From mboxrd@z Thu Jan  1 00:00:00 1970
Return-Path: <owner-linux-mm@kvack.org>
Received: from mail-wr1-f69.google.com (mail-wr1-f69.google.com [209.85.221.69])
	by kanga.kvack.org (Postfix) with ESMTP id 530C86B0006
	for <linux-mm@kvack.org>; Mon, 12 Nov 2018 00:15:42 -0500 (EST)
Received: by mail-wr1-f69.google.com with SMTP id i1-v6so8241908wrr.18
        for <linux-mm@kvack.org>; Sun, 11 Nov 2018 21:15:42 -0800 (PST)
Received: from mail-sor-f65.google.com (mail-sor-f65.google.com. [209.85.220.65])
        by mx.google.com with SMTPS id h15-v6sor2028808wrq.23.2018.11.11.21.15.40
        for <linux-mm@kvack.org>
        (Google Transport Security);
        Sun, 11 Nov 2018 21:15:40 -0800 (PST)
Date: Mon, 12 Nov 2018 06:15:37 +0100
From: Ingo Molnar <mingo@kernel.org>
Subject: Re: [RFC PATCH 00/12] locking/lockdep: Add a new class of terminal
 locks
Message-ID: <20181112051537.GB123204@gmail.com>
References: <1541709268-3766-1-git-send-email-longman@redhat.com>
 <20181109080412.GC86700@gmail.com>
 <1fcaa330-a4be-0f8a-7974-7b17f0ce01ad@redhat.com>
MIME-Version: 1.0
Content-Type: text/plain; charset=us-ascii
Content-Disposition: inline
In-Reply-To: <1fcaa330-a4be-0f8a-7974-7b17f0ce01ad@redhat.com>
Sender: owner-linux-mm@kvack.org
List-ID: <linux-mm.kvack.org>
To: Waiman Long <longman@redhat.com>
Cc: Josh Poimboeuf <jpoimboe@redhat.com>, Peter Zijlstra <peterz@infradead.org>, Ingo Molnar <mingo@redhat.com>, Will Deacon <will.deacon@arm.com>, Thomas Gleixner <tglx@linutronix.de>, linux-kernel@vger.kernel.org, kasan-dev@googlegroups.com, linux-mm@kvack.org, Petr Mladek <pmladek@suse.com>, Sergey Senozhatsky <sergey.senozhatsky@gmail.com>, Andrey Ryabinin <aryabinin@virtuozzo.com>, Tejun Heo <tj@kernel.org>, Andrew Morton <akpm@linux-foundation.org>, Linus Torvalds <torvalds@linux-foundation.org>


* Waiman Long <longman@redhat.com> wrote:

> > Could you please measure a locking intense workload instead, such as:
> >
> >    $ perf stat --null --sync --repeat 10 perf bench sched messaging
> >
> > and profile which locks used there could be marked terminal, and measure 
> > the before/after performance impact?
> 
> I will run the test.
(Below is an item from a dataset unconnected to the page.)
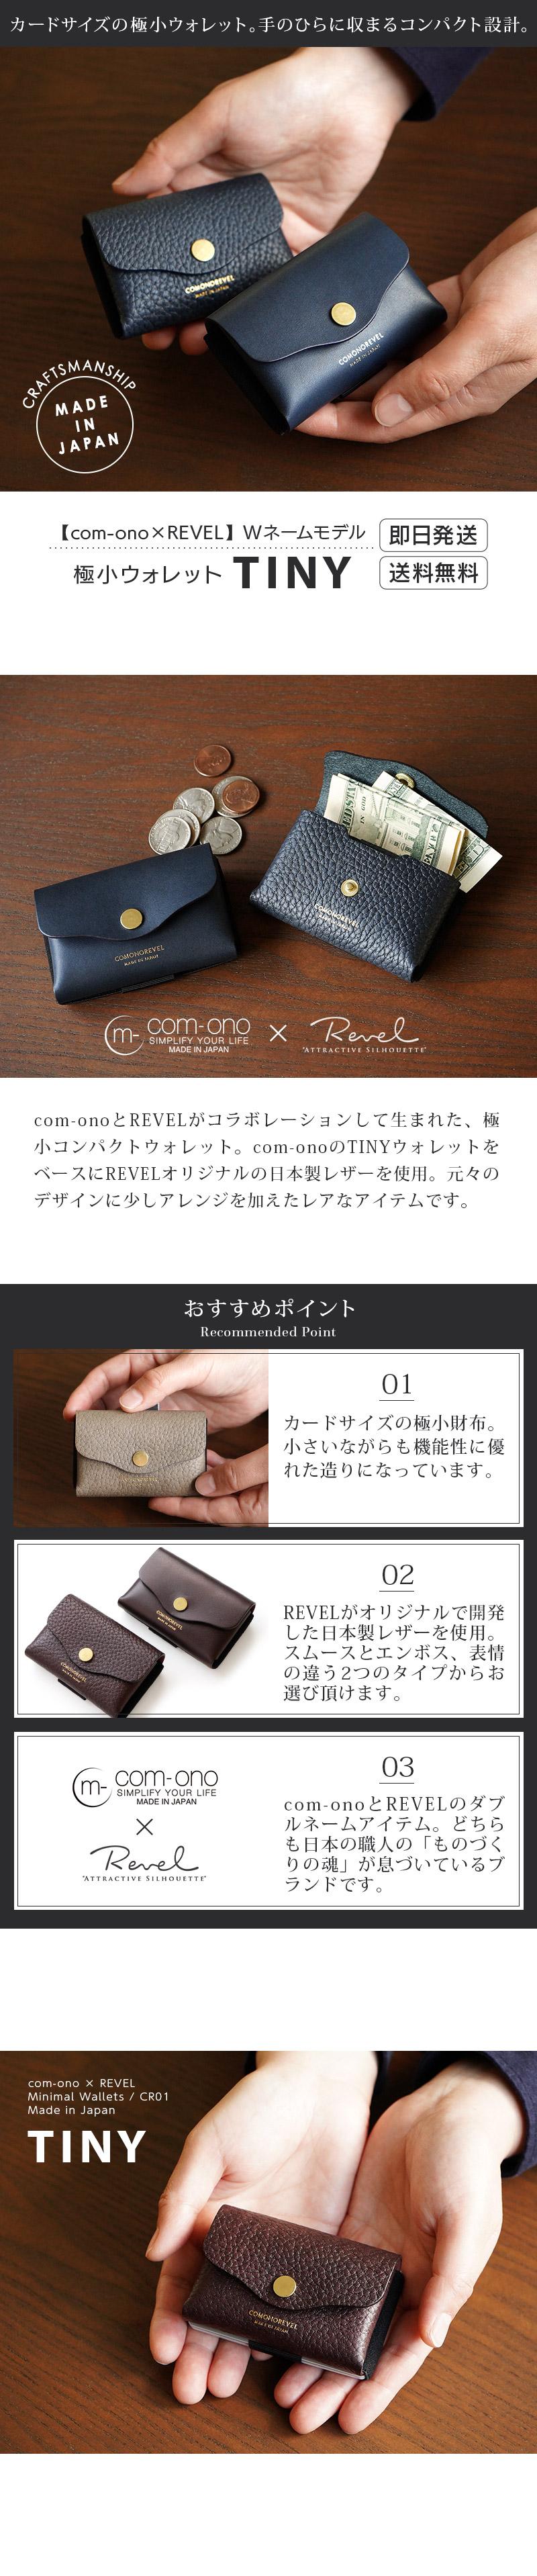 カードサイズの極小財布。小さいながらも機能性に優れた造りになっています。
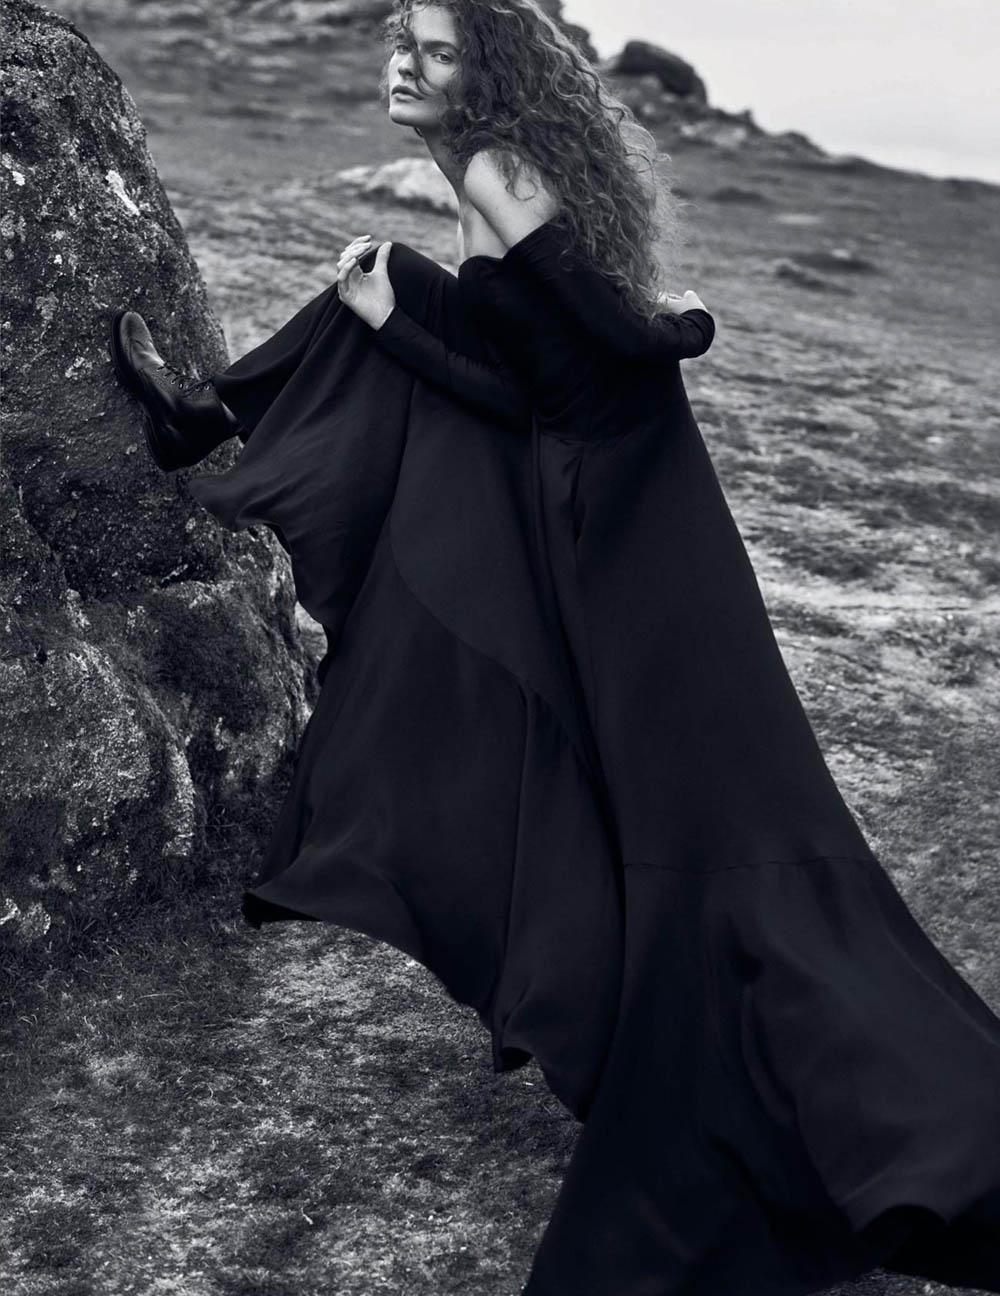 Carolina Burgin by Emma Tempest for Vogue Spain October 2019

It will probably be done after the LPC next week.

Thanks!

> >> Below were selected output lines from the lockdep_stats files of the
> >> patched and unpatched kernels after bootup and running parallel kernel
> >> builds.
> >>
> >>   Item                     Unpatched kernel  Patched kernel  % Change
> >>   ----                     ----------------  --------------  --------
> >>   direct dependencies           9732             8994          -7.6%
> >>   dependency chains            18776            17033          -9.3%
> >>   dependency chain hlocks      76044            68419         -10.0%
> >>   stack-trace entries         110403           104341          -5.5%
> > That's pretty impressive!
> >
> >> There were some reductions in the size of the lockdep tables. They were
> >> not significant, but it is still a good start to rein in the number of
> >> entries in those tables to make it harder to overflow them.
> > Agreed.
> >
> > BTW., if you are interested in more radical approaches to optimize 
> > lockdep, we could also add a static checker via objtool driven call graph 
> > analysis, and mark those locks terminal that we can prove are terminal.
> >
> > This would require the unified call graph of the kernel image and of all 
> > modules to be examined in a final pass, but that's within the principal 
> > scope of objtool. (This 'final pass' could also be done during bootup, at 
> > least in initial versions.)
> >
> > Note that beyond marking it 'terminal' such a static analysis pass would 
> > also allow the detection of obvious locking bugs at the build (or boot) 
> > stage already - plus it would allow the disabling of lockdep for 
> > self-contained locks that don't interact with anything else.
> >
> > I.e. the static analysis pass would 'augment' lockdep and leave only 
> > those locks active for runtime lockdep tracking whose dependencies it 
> > cannot prove to be correct yet.
> 
> It is a pretty interesting idea to use objtool to scan for locks. The
> list of locks that I marked as terminal in this patch was found by
> looking at /proc/lockdep for those that only have backward dependencies,
> but no forward dependency. I focused on those with a large number of BDs
> and check the code to see if they could marked as terminal. This is a
> rather labor intensive process and is subject to error.

Yeah.

> [...] It would be nice if it can be done by an automated tool. So I am 
> going to look into that, but it won't be part of this initial patchset, 
> though.

Of course!

> I sent this patchset out to see if anyone has any objection to it. It
> seems you don't have any objection to that. So I am going to move ahead
> to do more testing and performance analysis.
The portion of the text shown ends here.